== Work item ==
Without the pictures, output all of the data exactly.

== Stored data ==

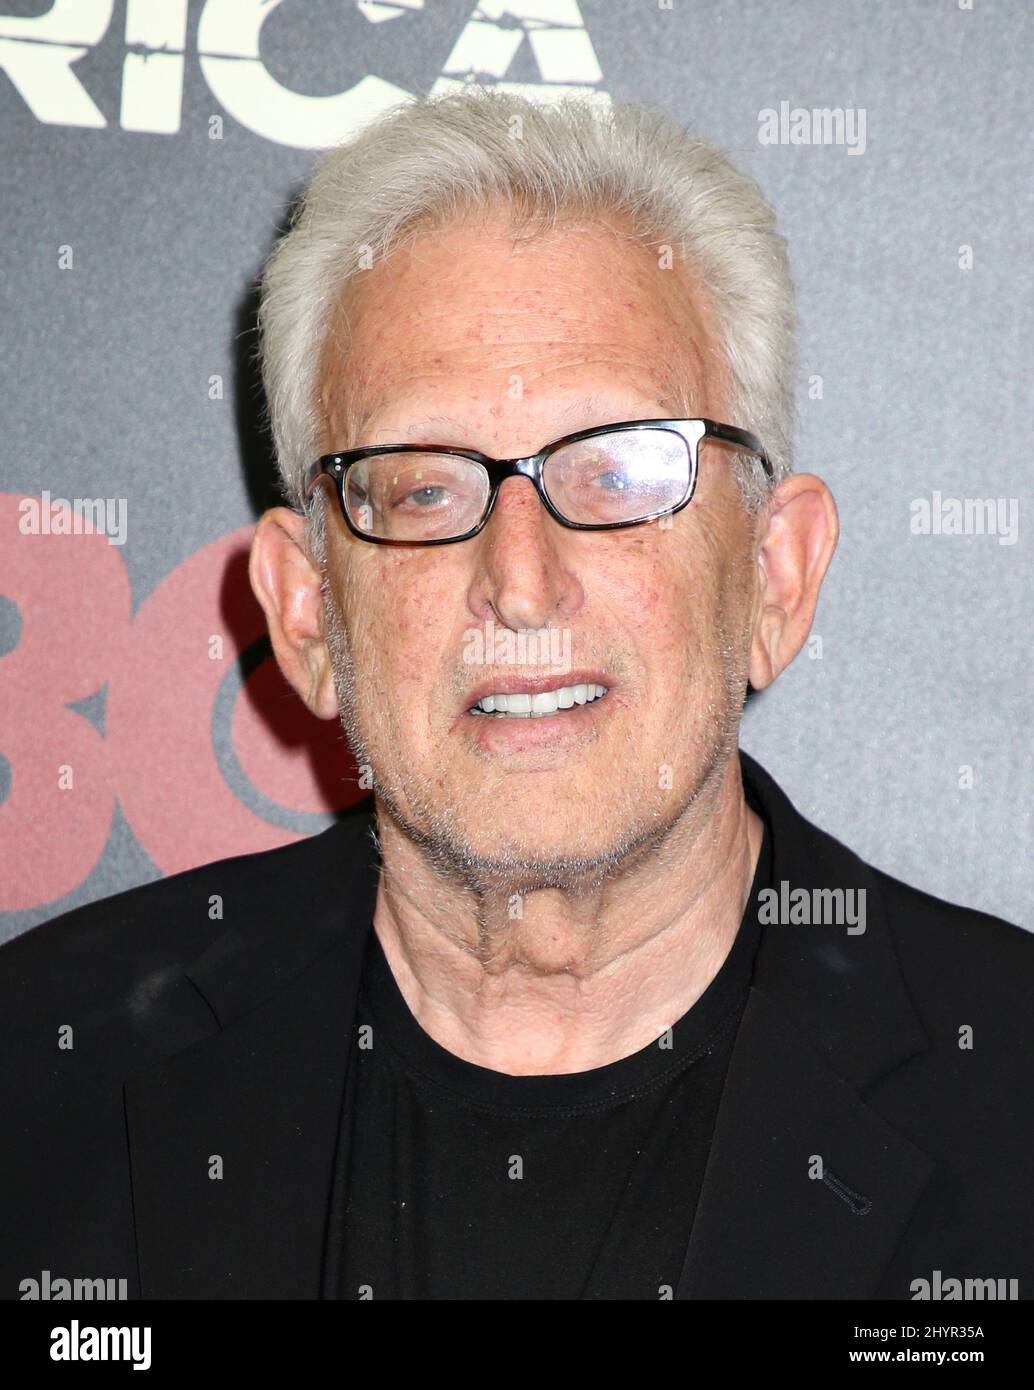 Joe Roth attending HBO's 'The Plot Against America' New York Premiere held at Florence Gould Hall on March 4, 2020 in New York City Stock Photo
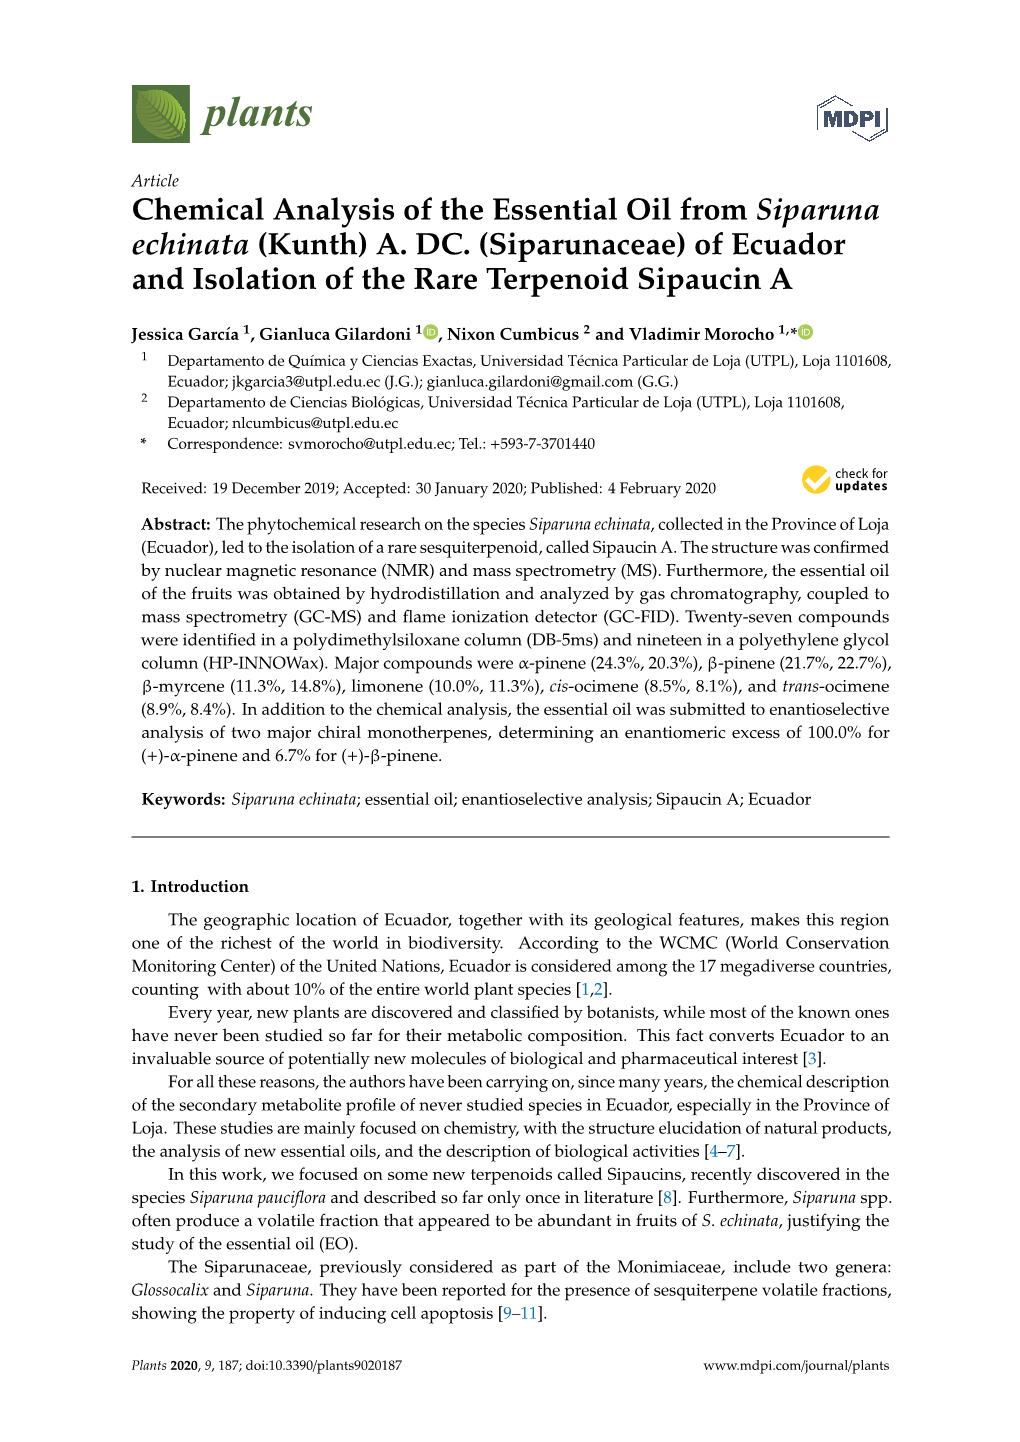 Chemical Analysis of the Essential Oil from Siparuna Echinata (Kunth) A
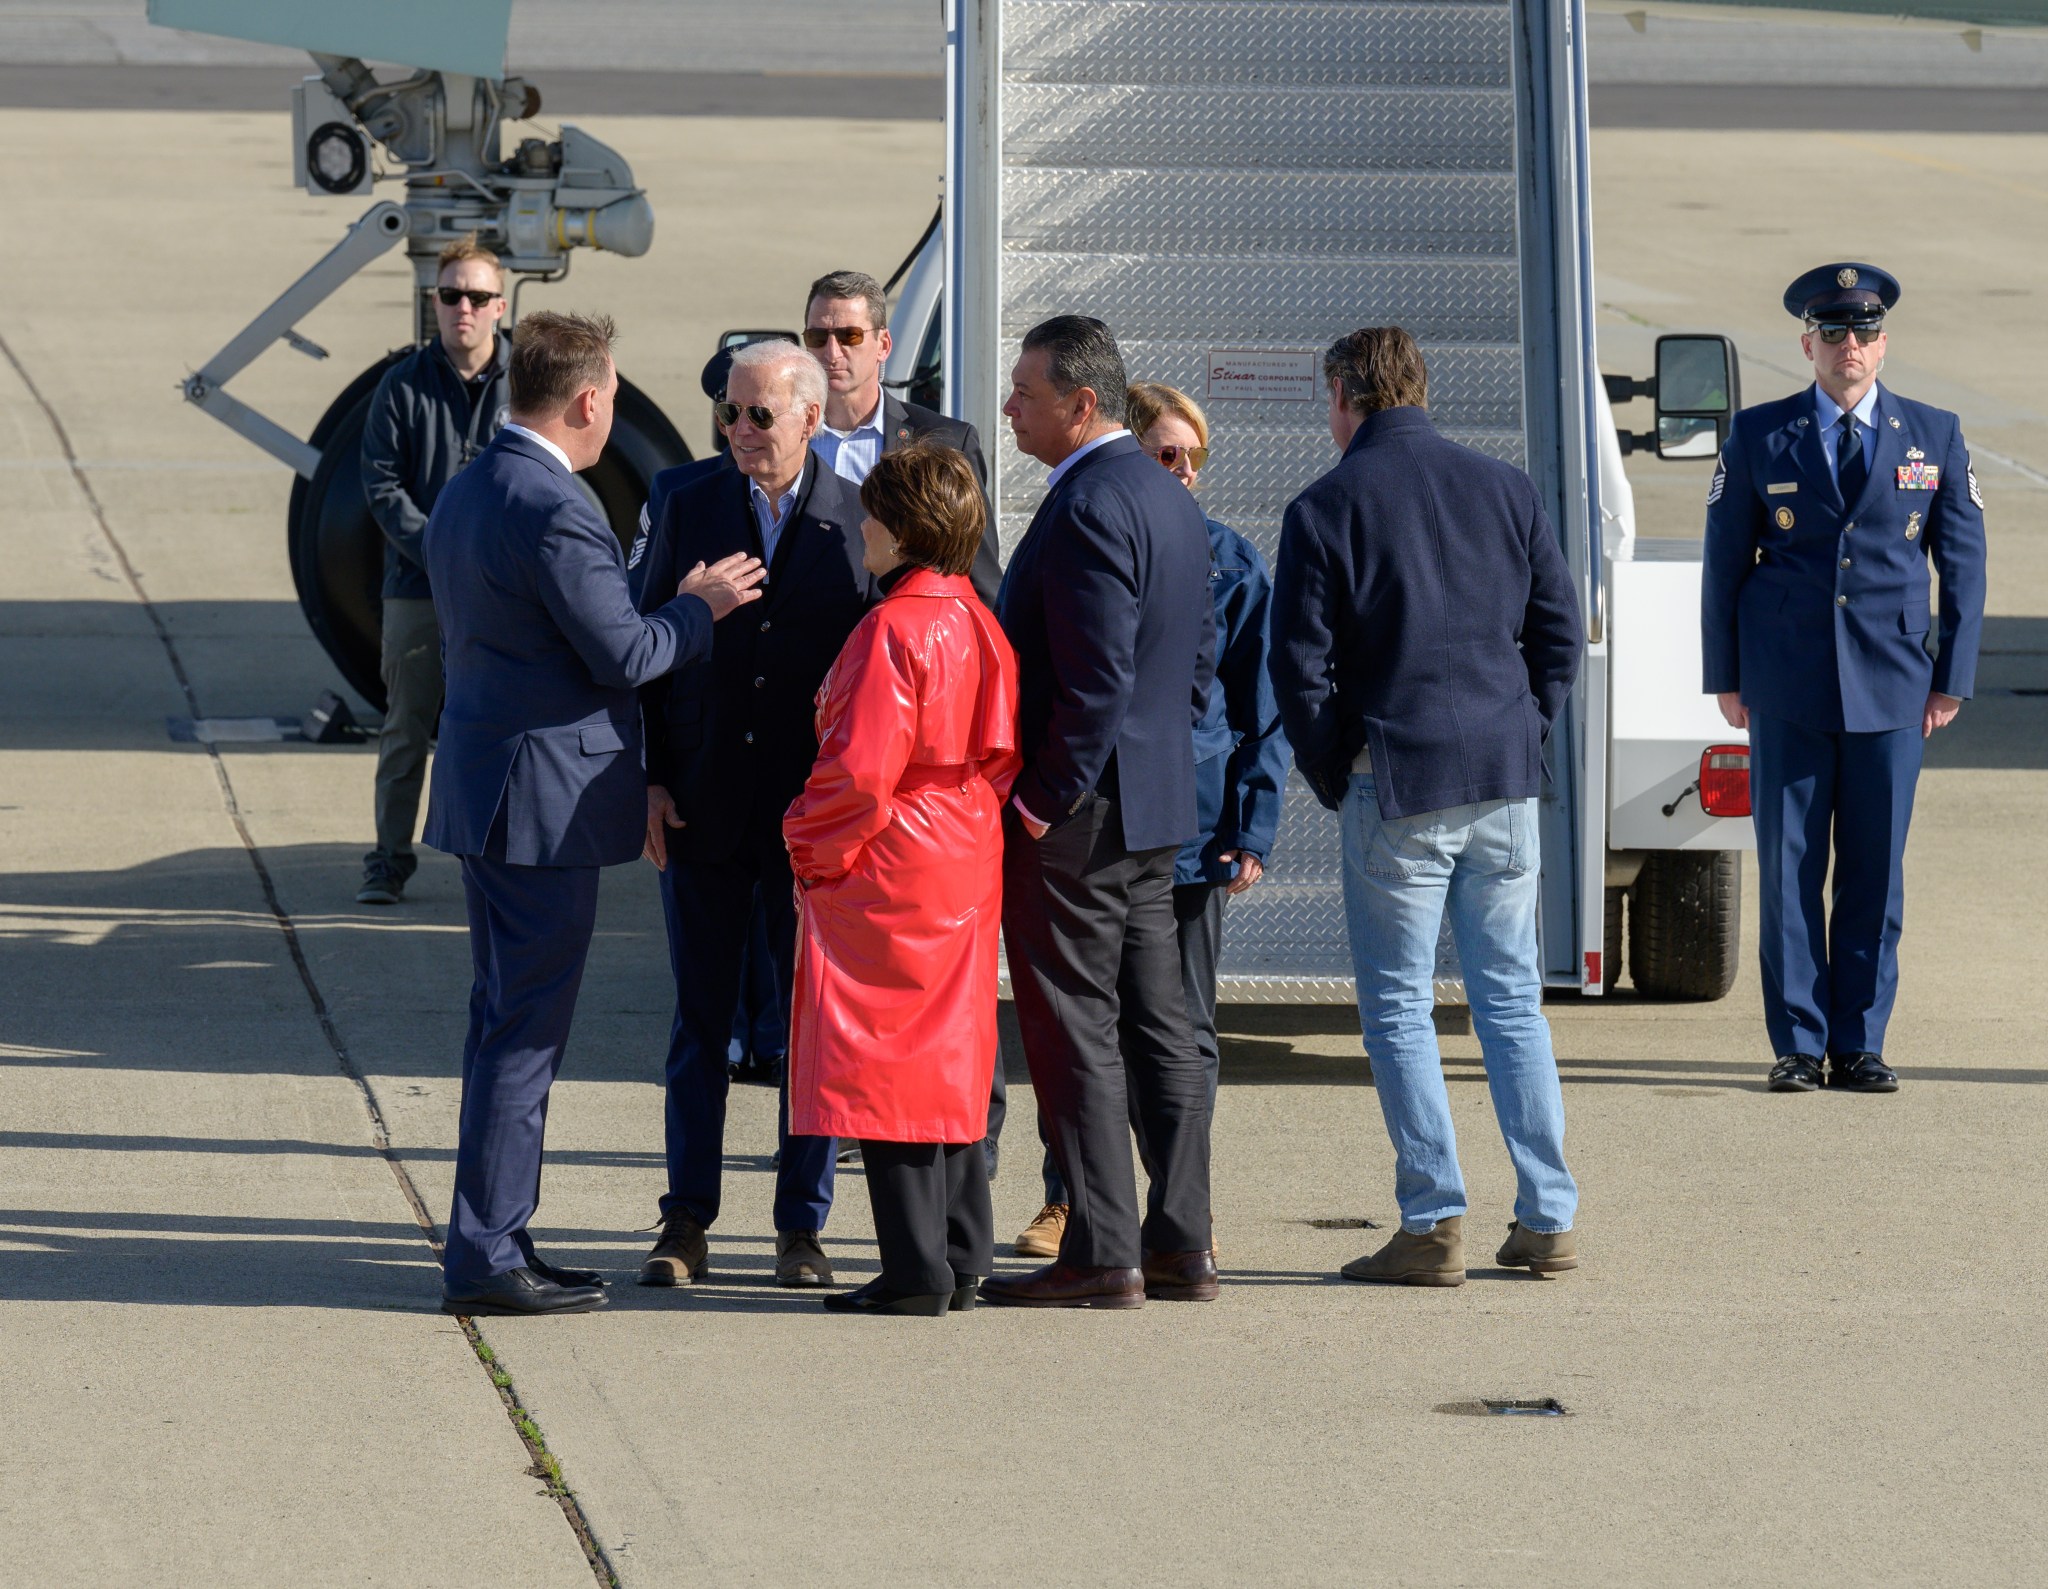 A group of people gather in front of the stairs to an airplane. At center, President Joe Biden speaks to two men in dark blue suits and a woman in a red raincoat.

== Task answer ==
 Joe Roth attending HBO's 'The Plot Against America' New York Premiere held at Florence Gould Hall on March 4, 2020 in New York City Stock Photo
 Chemical Analysis of the Essential Oil from Siparuna Echinata (Kunth) A
 A group of people gather in front of the stairs to an airplane. At center, President Joe Biden speaks to two men in dark blue suits and a woman in a red raincoat.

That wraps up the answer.